Ⅰ. Classification and water quality index of pharmaceutical water
1. Classification of pharmaceutical water
1) Drinking water: tap water or deep well water, which is usually provided by the water supply company, or deep water, also known as raw water, and its quality must meet the national standard GB5749-85 “Sanitary Standards for Drinking Water”.
2) Purified Water: Purified water by distillation, ion exchange, reverse osmosis or other suitable methods, without any additives. The purified water can be used as a solvent or test water for the preparation of commonly used pharmaceutical preparations, but not for the preparation of preparations.
Purified water is prepared by ion exchange method, reverse osmosis method, ultrafiltration method, etc., and is generally called deionized water. Pharmaceutical purified water equipment is designed with a special distillation method. The distillation process of distilled water is generally called distilled water.
3) Water for Injection: Water prepared from purified water as raw water, distilled and condensed by a specially designed distiller and cooled by membrane filtration.
Water for injection can be used as a solvent for preparing injections.
4) Sterile Water for Injection: water for injection prepared according to the injection production process.
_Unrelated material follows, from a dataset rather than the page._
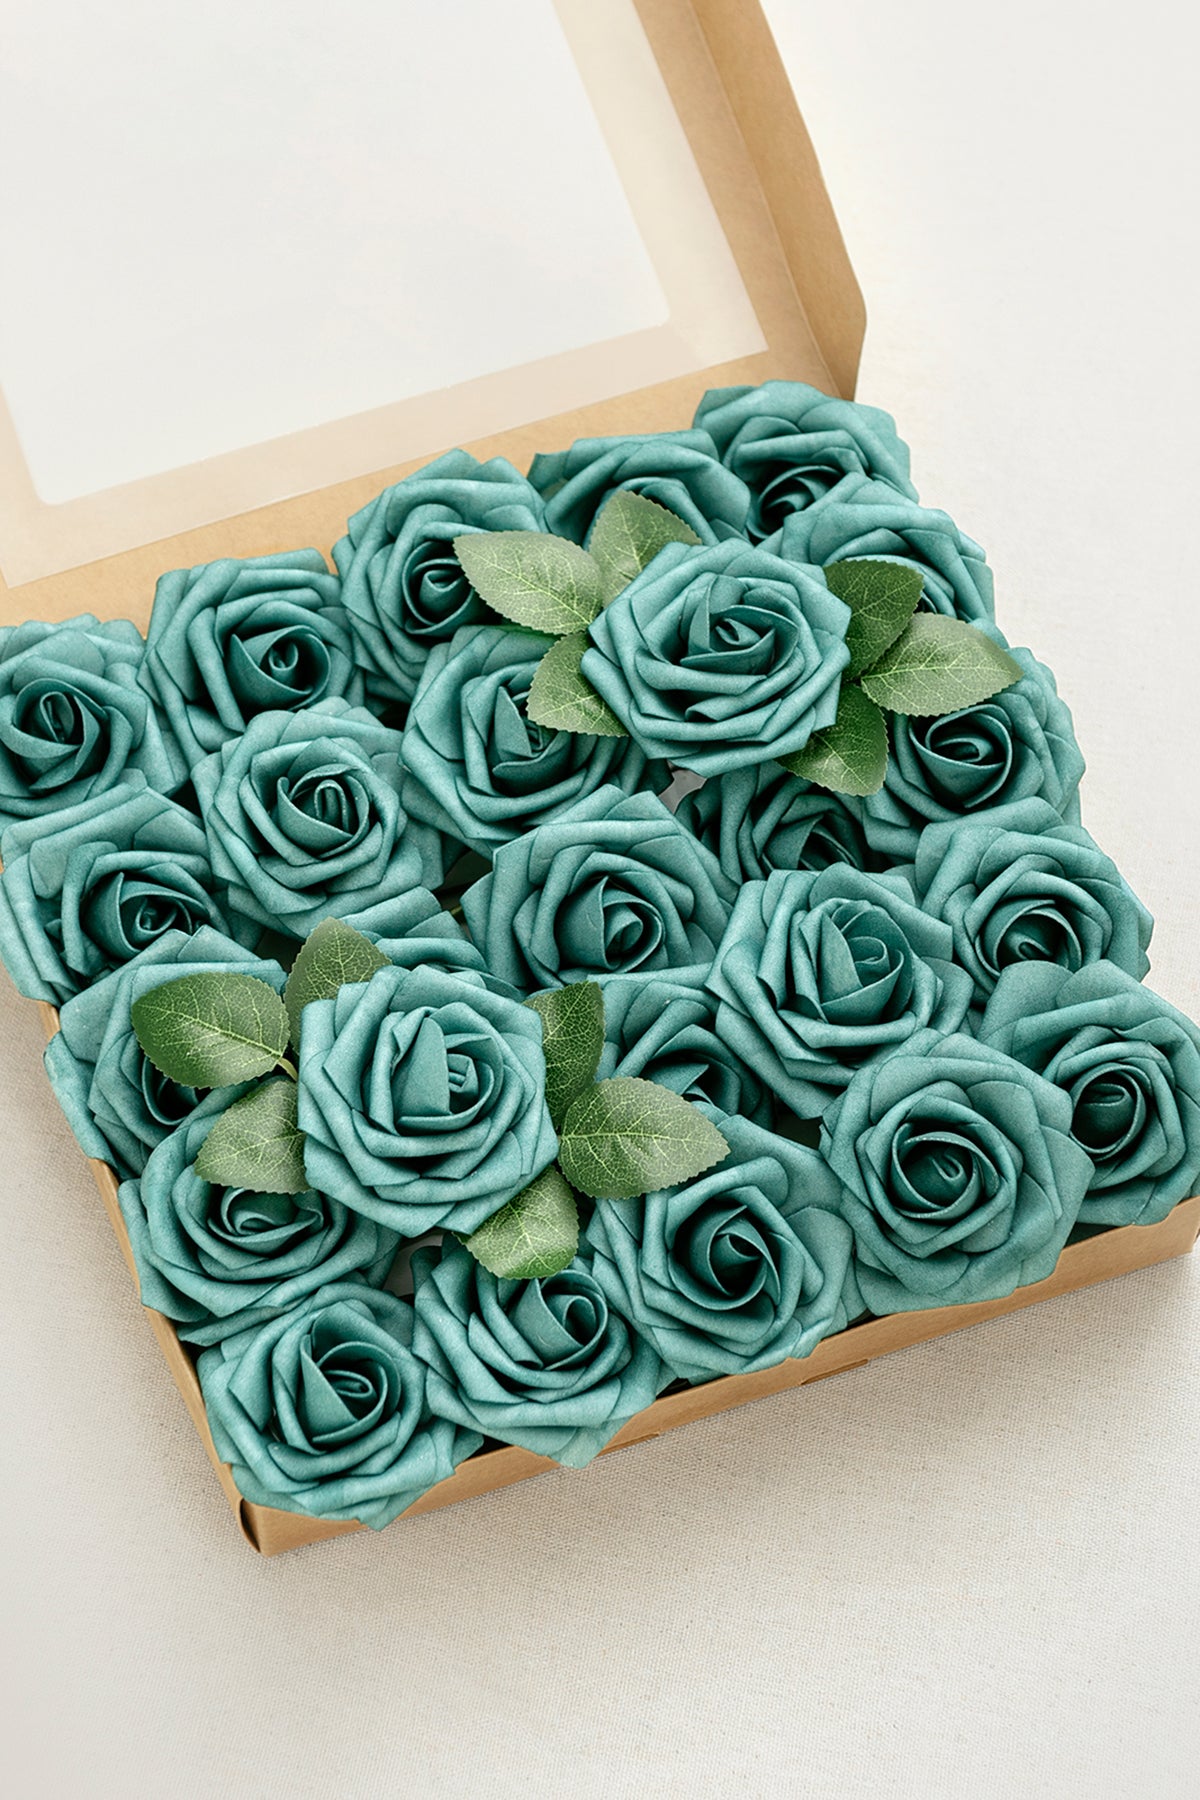 DIY Supporting Flower Boxes in Dark Teal & Marsala

Sterilized water for injection is used to sterilize the solvent of powder or the diluent of injection solution.
2. Water quality standards for pharmaceutical water
1) Drinking water: should meet the national standard of the People’s Republic of China “Sanitary Standards for Drinking Water” (GB5749-85)
2) Purified water: It should meet the purified water standard contained in “2000 Chinese Pharmacopoeia”.
In the water-making process, on-line detection of the resistivity value of purified water is usually adopted to reflect the concentration of various ions in the water. The resistivity of the purified water in the pharmaceutical industry should usually be ≥0.5MΩ.CM / 25 ℃, and the resistivity of the purified water used for the flushing of injection and eye drops containers should be ≥1MΩ.CM / 25 ℃.
· Water for injection: It should meet the standards for water for injection contained in the 2000 Chinese Pharmacopoeia.
Ⅱ. GMP requirements for pharmaceutical water preparation devices
1. The structural design should be simple, reliable and easy to disassemble.
2. In order to facilitate the disassembly, replacement, cleaning of parts, the design of the actuator adopts standardized, generalized and systematic parts as much as possible.
3. The surface of the inner and outer walls of the equipment should be smooth and flat, without dead corners, and easy to clean and sterilize. The surface of the parts should be chrome plated and other surface treatments to resist corrosion and prevent rust. Avoid using paint on the outside of the equipment to prevent it from peeling off.
4. Equipment for preparing purified water should be made of low-carbon stainless steel or other materials that have not been verified to pollute water quality. The equipment for preparing purified water should be cleaned regularly, and the cleaning effect should be verified.
5. The materials in contact with water for injection must be high-quality low-carbon stainless steel (such as 316L stainless steel) or other materials that have been verified to not pollute the water quality. The equipment for preparing water for injection should be cleaned regularly, and the cleaning effect should be verified.
6. The storage period of purified water should not be greater than 24 hours. The storage tank should be made of stainless steel or other materials that have been verified to be non-toxic, corrosion-resistant, and do not exude contaminated ions. A hydrophobic sterilization filter that does not shed fibers should be installed to protect its vent. The inner wall of the storage tank should be smooth, and there should be no dead corners and trachoma in the connecting pipe and the welding seam. Sensors showing parameters such as liquid level, temperature, and pressure that will not form stagnation water pollution should be used. The storage tank should be regularly cleaned, disinfected and sterilized, and the effectiveness of cleaning and sterilization should be verified.
7. Delivery of pharmaceutical water
1) Pharmaceutical purified water equipment should be easily cleaned and pumped with sterilized stainless steel. When using compressed air or nitrogen pressure, the purified water of water and water is used for injection, compressed air and nitrogen for purification.
2) Purified water should be transported through circulation pipes. The piping design should be concise, and blindness and death should be avoided. The pipes should be stainless steel pipes or other pipes, which are non-toxic, corrosion-resistant, non-corrosive, and contaminated. The valve should be a sanitary valve without dead angle, and the flow rate of pure water should be marked.
3) Provide pure water and water injection tube, the delivery pump should be cleaned regularly, sterilized and sterilized, and it can be put into use after passing the verification.
4) The design of the pressure vessel should be carried out by the unit and qualified personnel in accordance with the relevant regulations of the Chinese National Standards for Steel Pressure Vessels (gb150-80) of the People ’s Republic of China and the safety technical supervision regulations for pressure vessels.